The ATmega88 is an electronic integrated circuit microcontroller produced by the Atmel corporation. Atmel was acquired by Microchip Technology in 2016. It has the basic Atmel AVR instruction set. One of the packaging configurations is the dual in-line package (DIP).
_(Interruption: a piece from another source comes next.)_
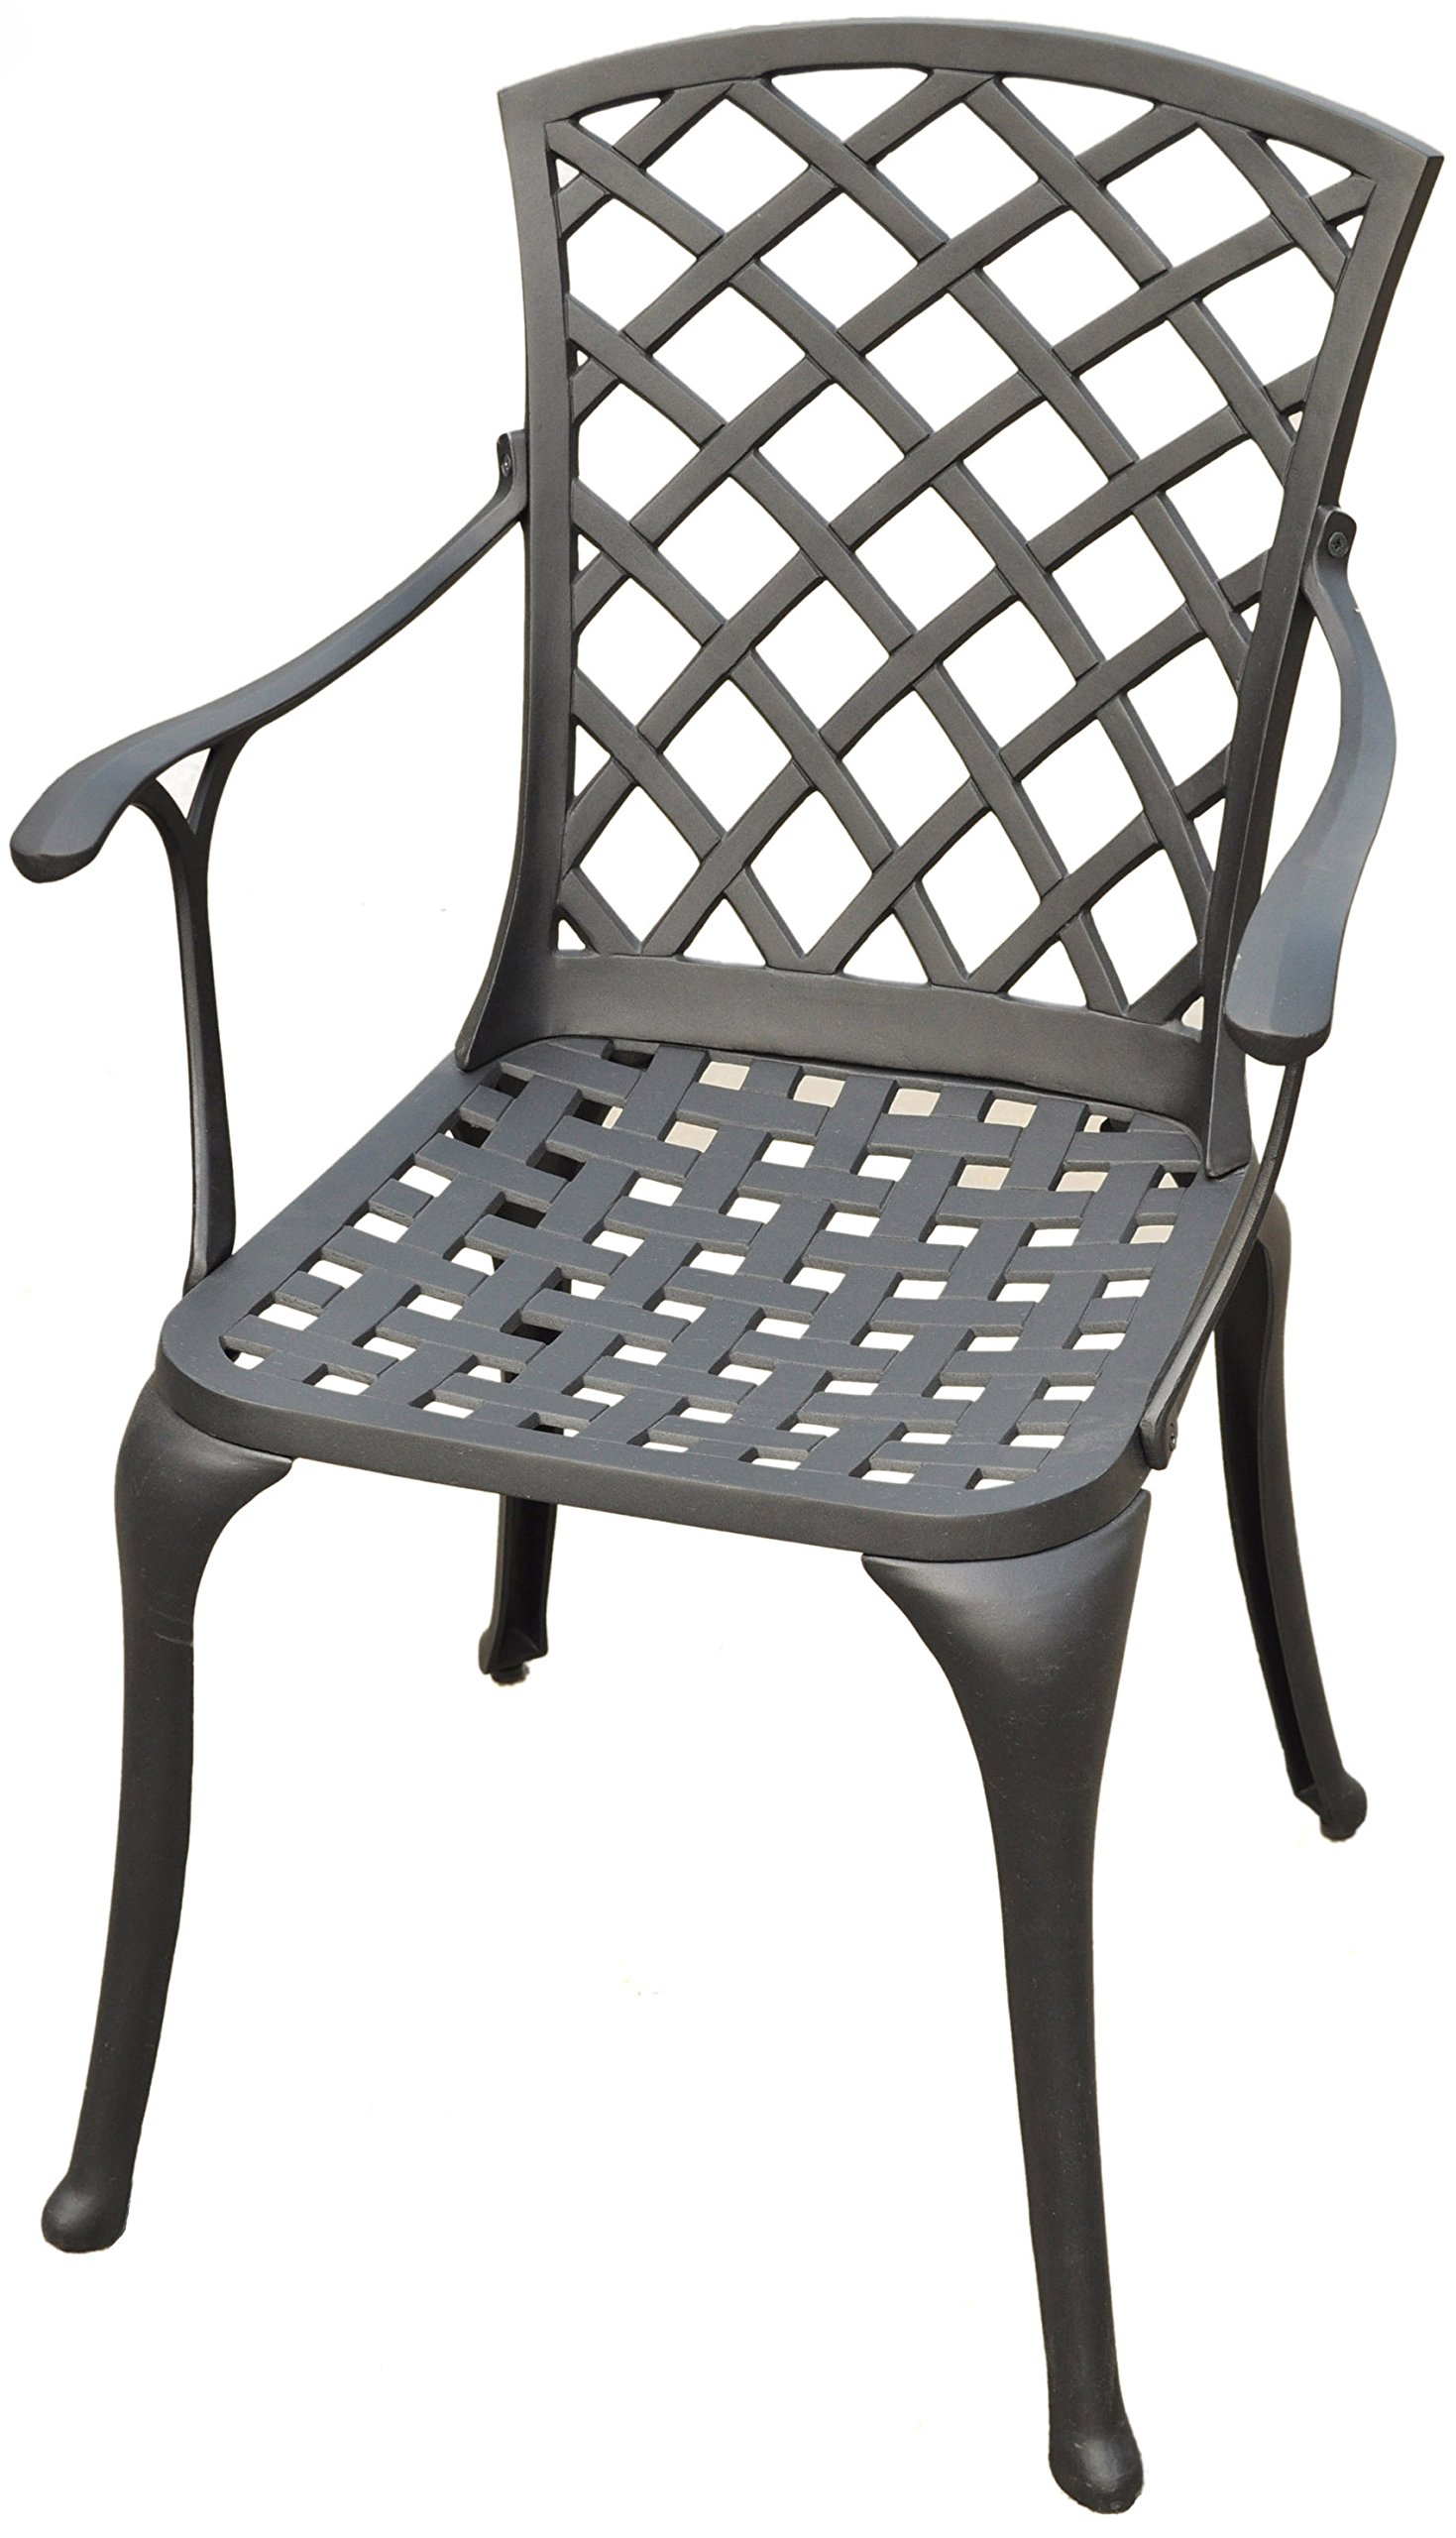 Crosley Furniture Sedona Solid-Cast Aluminum Outdoor High-Back Arm Chair - Black (Set of 2)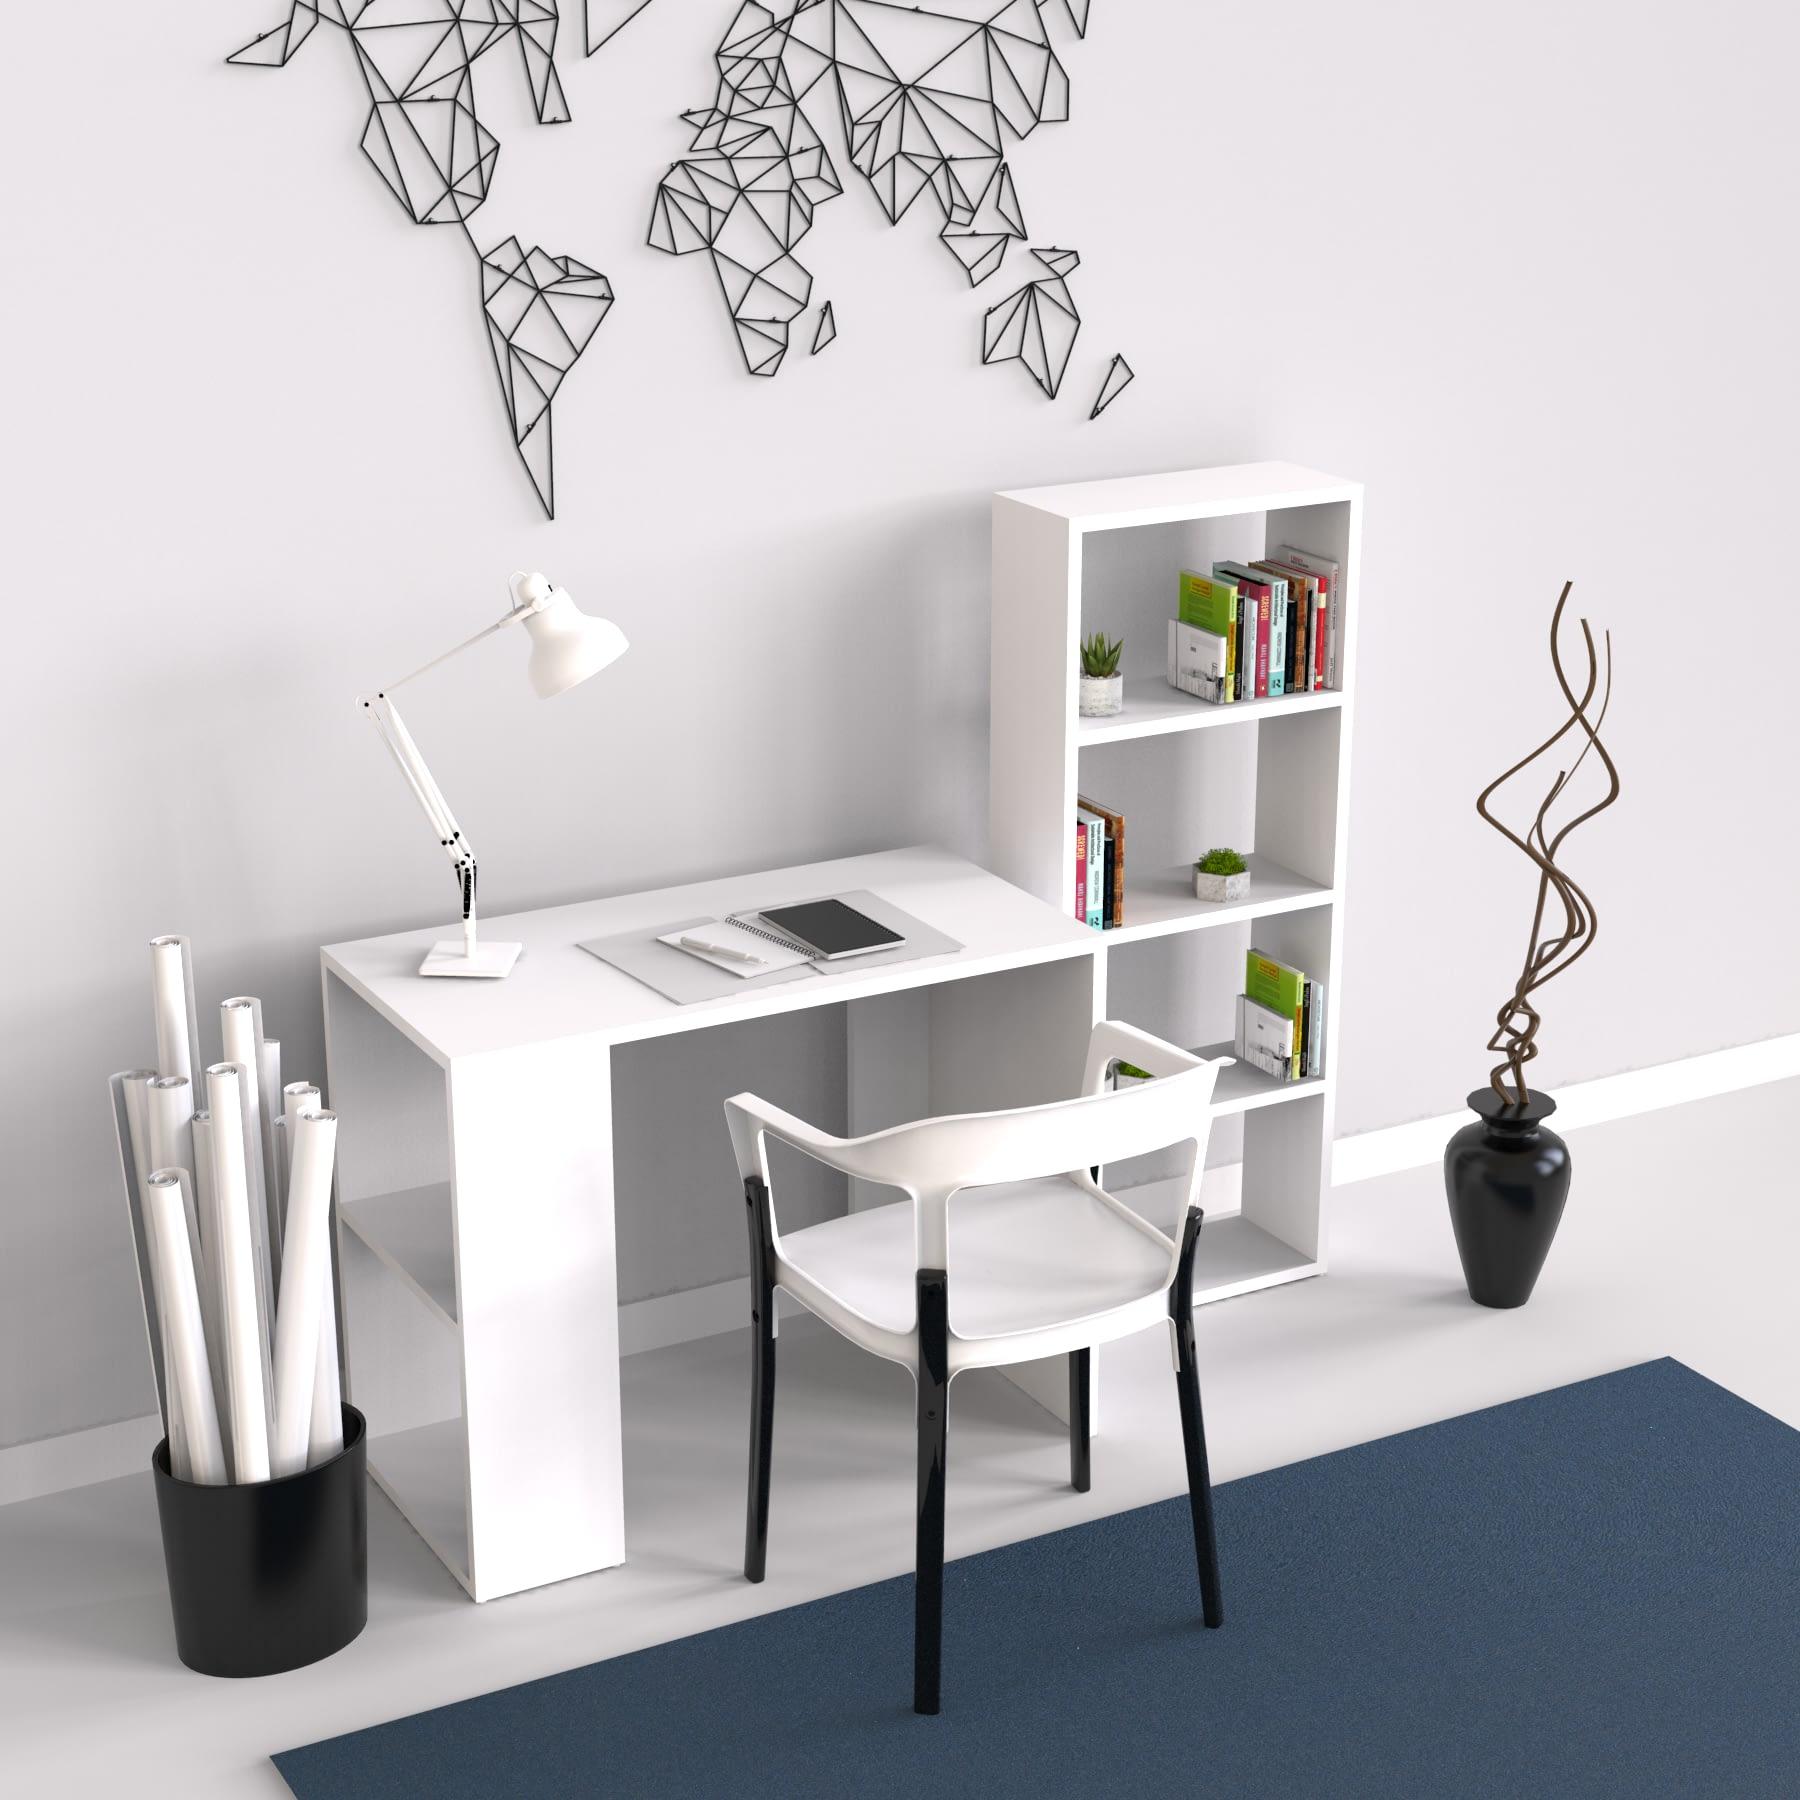 Mimilos M2K9 Study Desk

It has 23 I/O pins and operates at up to 20 MHz for clock speed. It has an 8-bit core and 8K flash (program) memory.

Many of Atmel's microcontrollers in this line have similar instruction sets, so if an engineer learns the instruction set from one of their microprocessors, this knowledge is transferable to other microcontrollers in the line.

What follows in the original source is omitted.